`parseVEP` crashes when reading extremely large files

uclahs-cds / package-moPepGen

Multi-Omics Peptide Generator

https://uclahs-cds.github.io/package-moPepGen/

GNU General Public License v2.0

6 stars 1 forks source link

`parseVEP` crashes when reading extremely large files #683

Open lydiayliu opened 1 year ago

lydiayliu commented 1 year ago

I tried to parseVEP a 800M tsv from all of mouse dbSNP, here: /hot/project/method/AlgorithmDevelopment/ALGO-000074-moPepGen/Giansanti_Mouse/processed_data/mpg_snp_indel/VEP/dbSNP150_GCF_000001635.24-All.tsv.gz

parseVEP was Killed and I assume that it is because it tried to read in the entire file as the first step. This is probably unnecessary for parsing and could be switched to reading the file line by line?
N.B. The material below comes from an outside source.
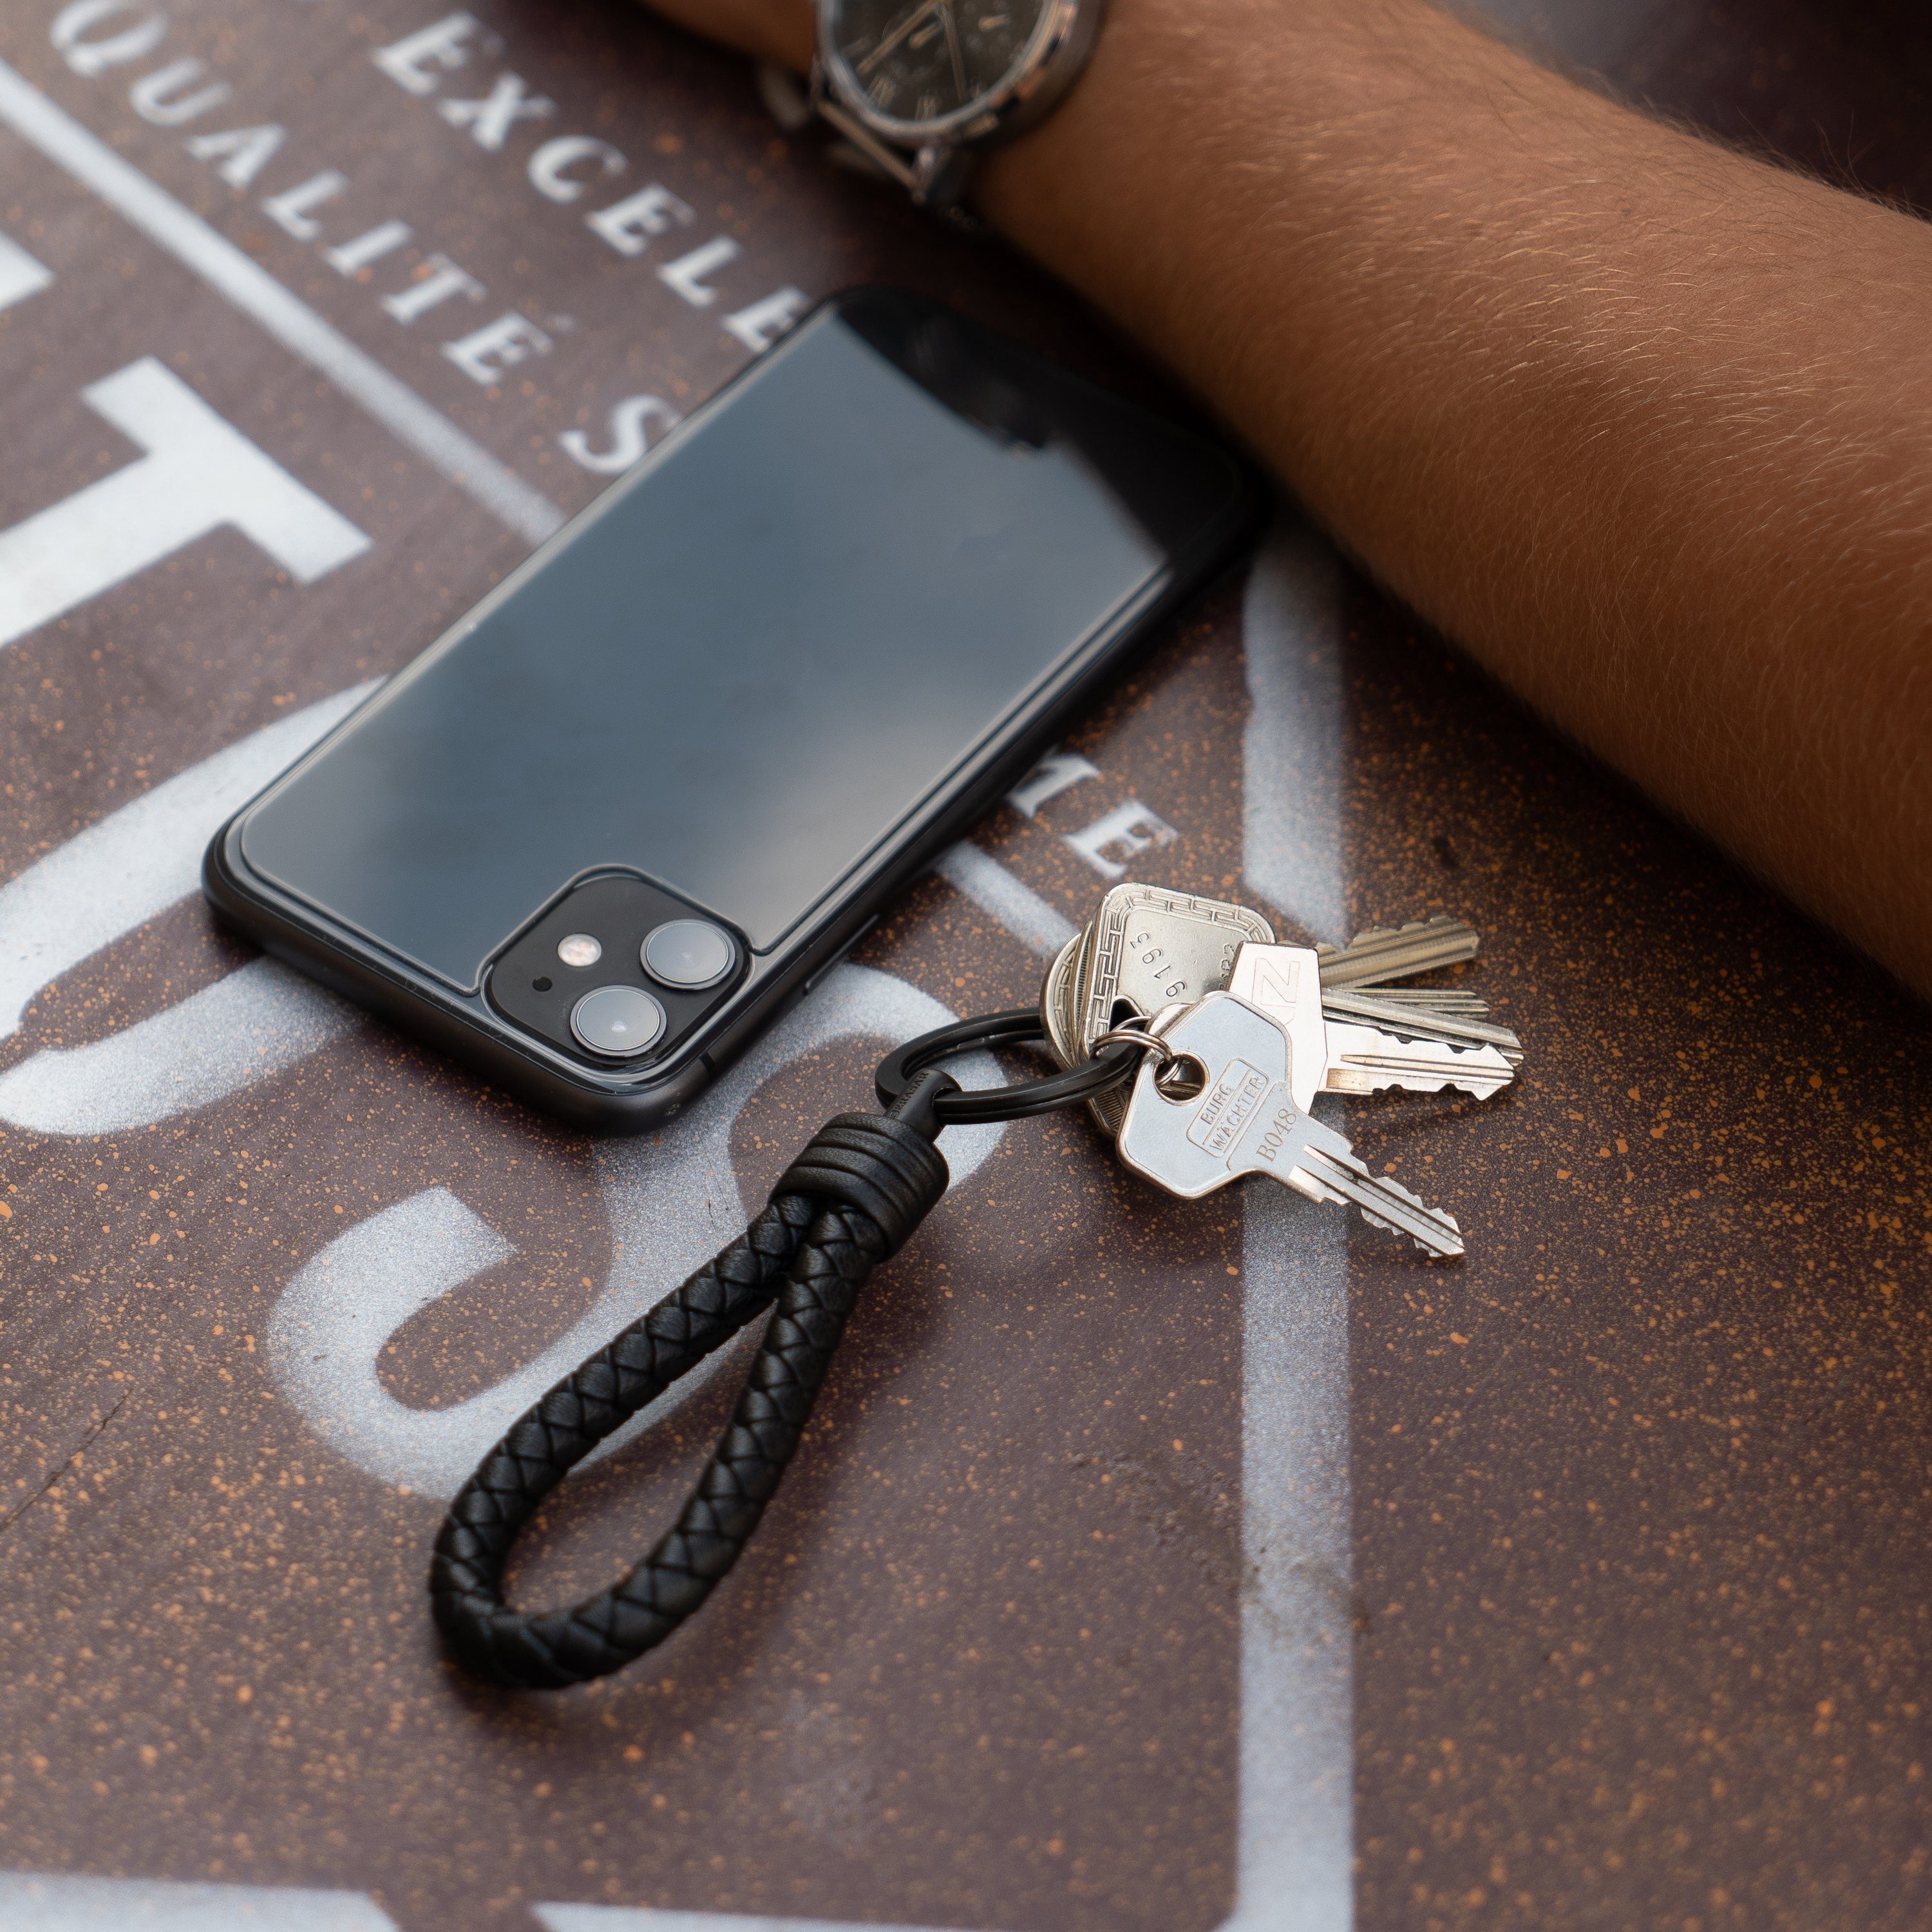 SERASAR Schlüsselanhänger (1-tlg), Zusatzringe Schwarz Schlüssel für "Strong" kleine Schlüsselanhänger Leder
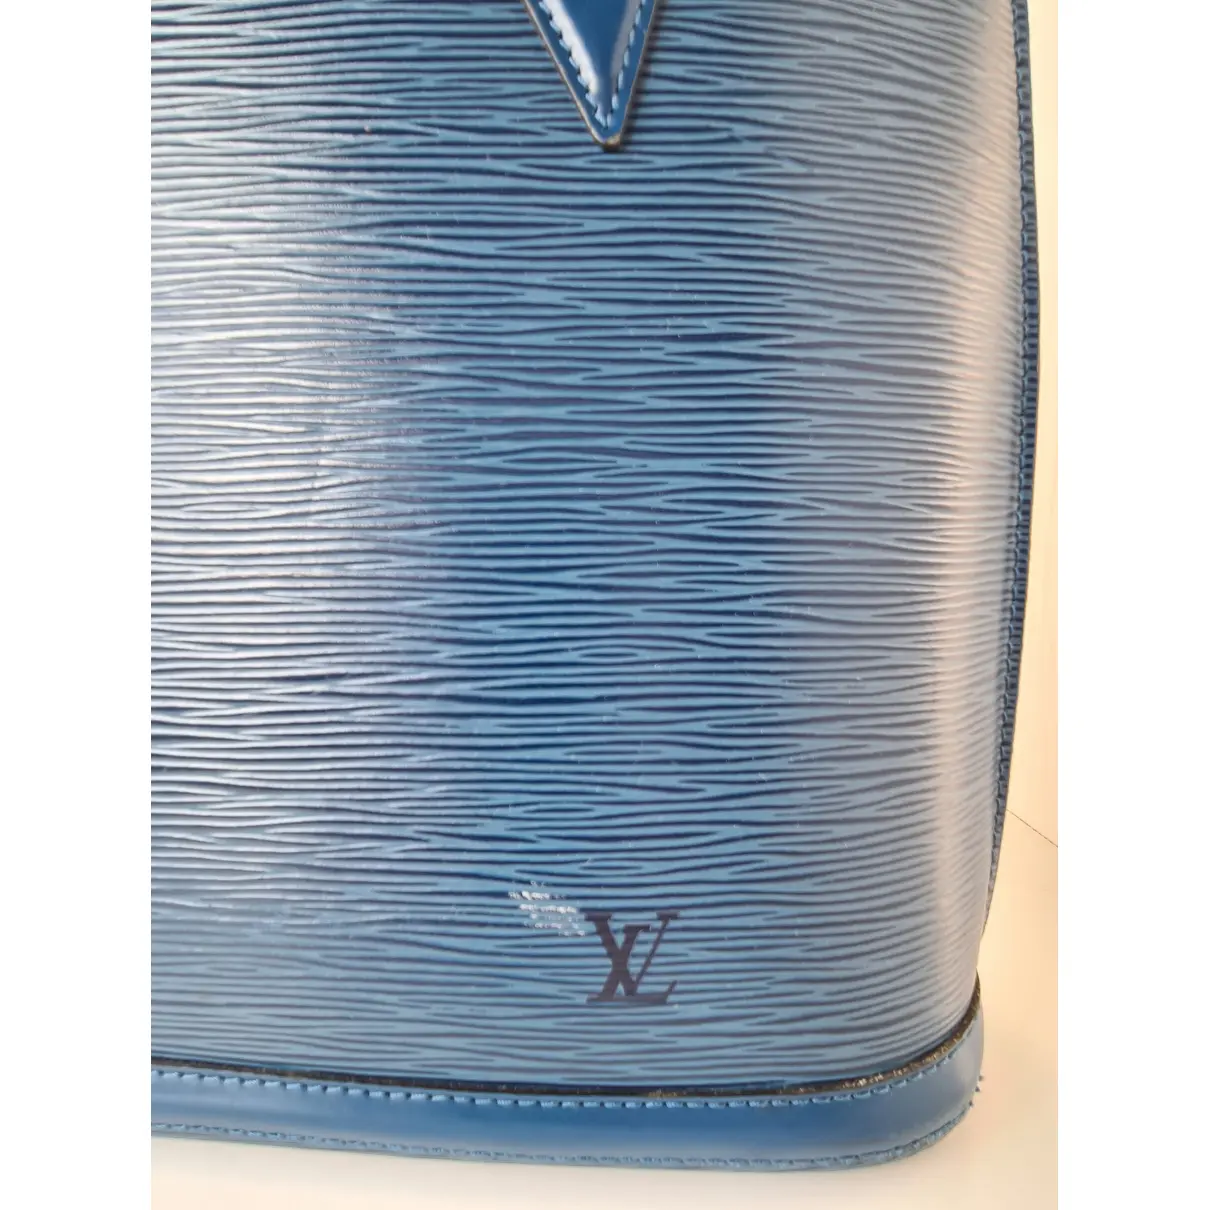 Buy Louis Vuitton Lussac leather handbag online - Vintage

zhuchcn commented 8 months ago

parseVEP does read and process records line by line, but the issue is they are not writen until the very end. And the only reason for this is variants are sorted before writing to disk. But the sorting is done at the transcript level, and the input VCF to VEP is always sorted which means records that are mapped to the same gene are always next to each other. So we can actually write records to GVF once the current transcript ID or gene ID is changed.

update: turns out that this is not the case, particularly when the same position can be mapped to multiple genes. Maybe we can sort the VEP file based on gene ID before parsing.

lydiayliu commented 8 months ago

Ahh got it. How bad is it for parseVEP to write a gvf that is not sorted?

zhuchcn commented 8 months ago

There doesn't seem to be an out-of-box solution to sort a very large file in an on-disk manner in Python. A possible solution is splitting the file into chunks, sorting each trunk, and then merge each chunk. The easiest solution still seems to be the GNU sort. We could implement a sorted VEP parser, that handles the VEP file when it's already sorted. We can add a flag such as --sorted to use this behavior, and if not specified, use the original parser that writes all results at the end.